Using a proprietary database, the Georgia Tech and Meta teams identified approximately 241 MOFs with a high potential for direct air capture.
move forward with impact
“According to the United Nations and most developed countries, we need to achieve net-zero carbon emissions by 2050,” said Matt Whittender, director of Meta's FAIR chemistry team and co-author of the paper. Mr. Le said. “Most of this has to be achieved by stopping carbon emissions completely, but we also have to address historical carbon emissions and sectors of the economy that are very difficult to decarbonize, such as aviation and heavy industry. That's why CO2 removal technologies like direct air capture need to be available within the next 25 years.”
Direct air capture is still a nascent field, but the researchers say it's important that innovative tools are currently being developed, such as the OpenDAC database made available in the team's paper.
“There is no one solution to achieving net-zero emissions,” Sriram said. “Direct air capture has great potential, but it needs to be scaled up significantly to have a real impact. I think the only way to get there is to find better materials. ”

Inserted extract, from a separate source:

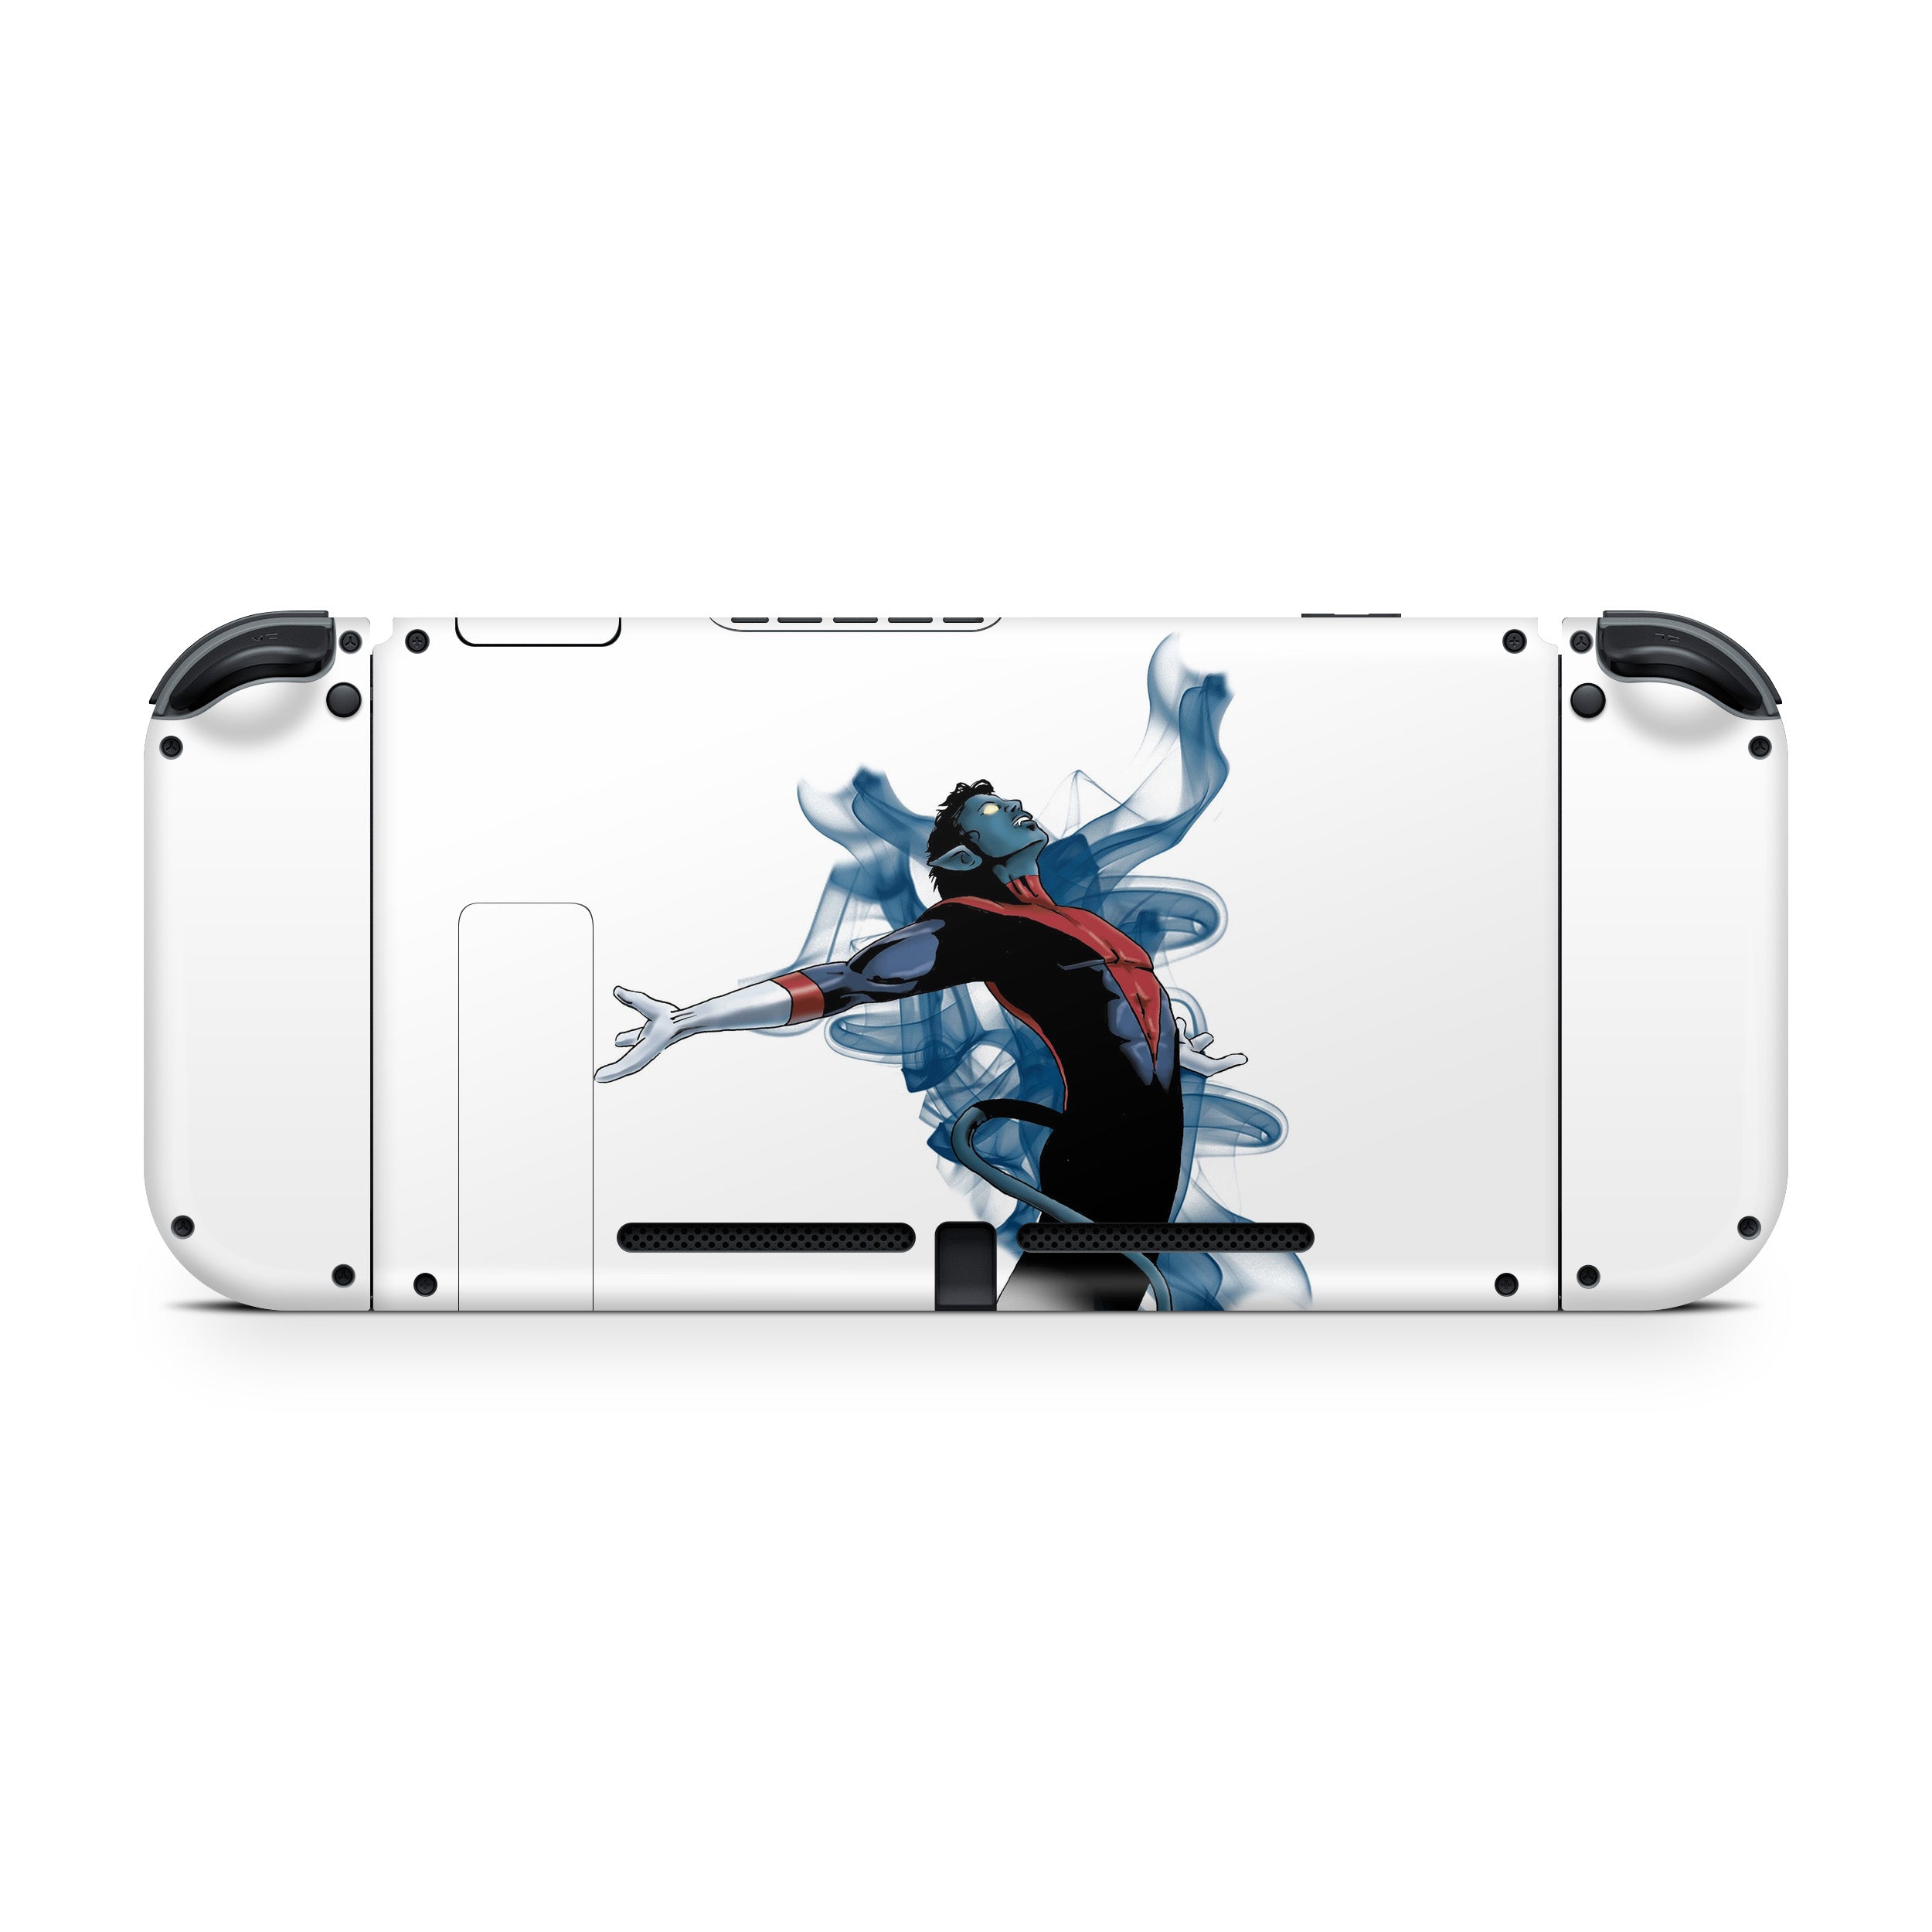 A video game skin featuring a Marvel X Men Nightcrawler design for the Nintendo Switch.

Researchers from both teams hope the scientific community will join in the search for suitable materials. The entire OpenDAC dataset project is open source, from data to models to algorithms.
“We hope this will accelerate the development of negative emissions technologies that might not otherwise be possible, such as direct air capture,” Medford said. “As a species, we have to solve this problem at some point. I hope that this work can contribute to getting us there, and that there is a real aim to make that happen.” I think.”
Note: Georgia Tech ChBE graduate students Sihoon Choi, Logan Brabson, and Xiaohan Yu made significant contributions and are co-authors of this paper.
QuoteIn: A. Sriram et al., Open DAC 2023 dataset and the challenges of sorbent discovery in direct air capture, ACS Central Science (2024).